2023 U.S. Women’s Four-Ball

May 12-17 • 2023 • The Home Course

Two-person best ball Saturday & Sunday

The USGA, established in 1894 and which branched out to Washington state in 1922, will feature its newest and most improved golf event at The Home Course next May: the 2023 U.S. Women’s Amateur Four-Ball Championship.

The event, which began for women in 1977, was once called the U.S. Amateur Public Links. That titled event ended after 2014, then hosted at The Home Course when Furnie ‘Alice’ Jo defeated Seong Eun-jeong, both of South Korea, 3 and 2.

The USGA then revamped its ‘Links’ format the subsequent year to a two-person best ball style, for both women and men (who started their competition in 1922). This will be the eighth edition of the women’s event.

“It’s a two-person best ball,” said Home Course GM Justin Gravatt. “You have teams of two women, both playing their own ball. Lowest score wins the hole.”

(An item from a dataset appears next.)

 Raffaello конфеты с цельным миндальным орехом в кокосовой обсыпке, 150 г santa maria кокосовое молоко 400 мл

The event, running from May 12-17, begins with a field of 64 teams playing two days of stroke play, 36 holes. That then narrows to a field of 32 teams playing match play rounds over the next four days.

“It’s a lot of golf,” Gravatt said. “Some days, they’re playing 36 holes. The winner might have to play nine rounds in six days.”

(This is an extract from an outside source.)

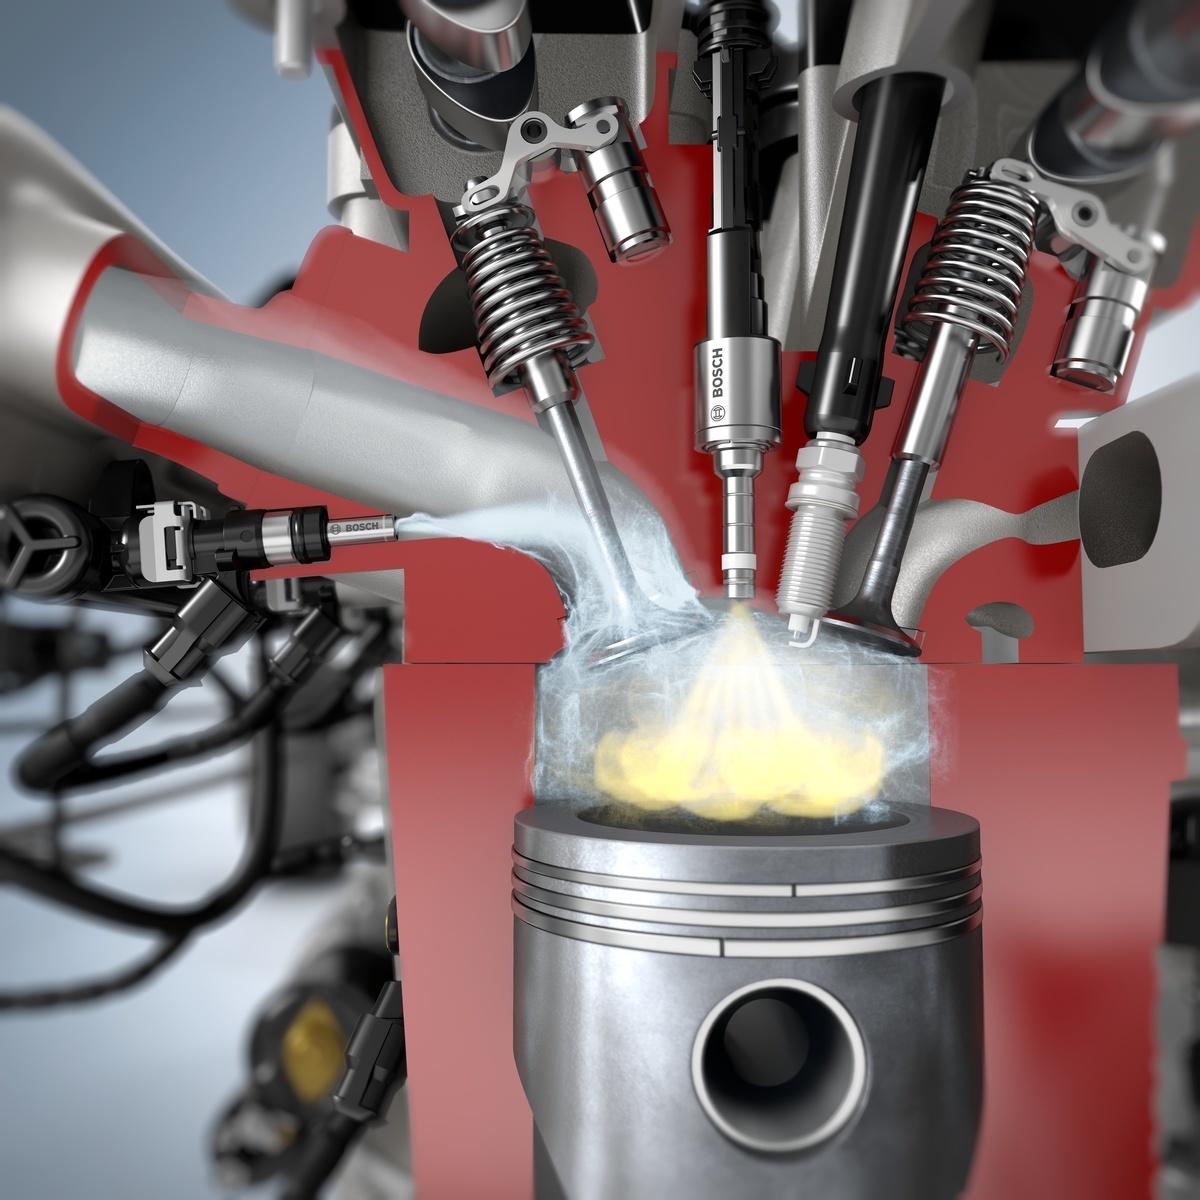 Просто добавь воды. Маленькая добавка H₂О повышает мощность ДВС и экономит топливо

That’s probably why the grueling schedule leads to so many junior players making up most of the contestants. At the Four-Ball championship last year played in Puerto Rico, 80 percent of the field was 18 years old or younger. A total of four teenagers advanced to the finals. At The Home Course Four-Ball qualifier last summer, a pair of 13-year-olds, Angela Zhang of Bellevue and Alice Ziyi Zhao of Irvine, Calif., won the event. They combined for a 7-under 65.

“It’s becoming a younger crowd,” Gravatt said.

Besides the two women’s events, The Home Course has co-hosted (with Chambers Bay) a pair of other USGA events: the 2010 U.S. Amateur stroke play, and the 2021 U.S. Amateur Four-Ball Championship. “The USGA was pleased with our (hosting),” Gravatt said. “We got back another soon after.”

This DuPont property has followed a long and varied course over the decades. When the USGA began operations in 1894, Washington had been a state for just five years. The land was held by various Native American tribes, and Hudson’s Bay Co. built a fort. There was evidence that a crude six-hole golf course was laid out around the fort.

The E.I. DuPont de Nemours Co. constructed a plant in 1906 to manufacture explosives. Weyerhaeuser took over in the late 1970s. The property was cleaned up and the golf course became part of the master plan.

2027 U.S. Women’s Senior Amateur to be played at Tacoma Country and Golf Club

Female golfers will have another championship in the Northwest five years from now. Tacoma Country & Golf Club in Lakewood was awarded the U.S. Senior Amateur by the USGA this past summer. The event will be Aug. 19-22, 2027.

This will be the ninth go-around for the Senior event. It’s also the fifth USGA women’s event hosted by the club. The previous events were the 1961 U.S. Women’s Amateur, the 1984 U.S. Senior Women’s Amateur, the 1994 U.S. Women’s Mid-Amateur, and the 2007 U.S. Girls’ Juniors.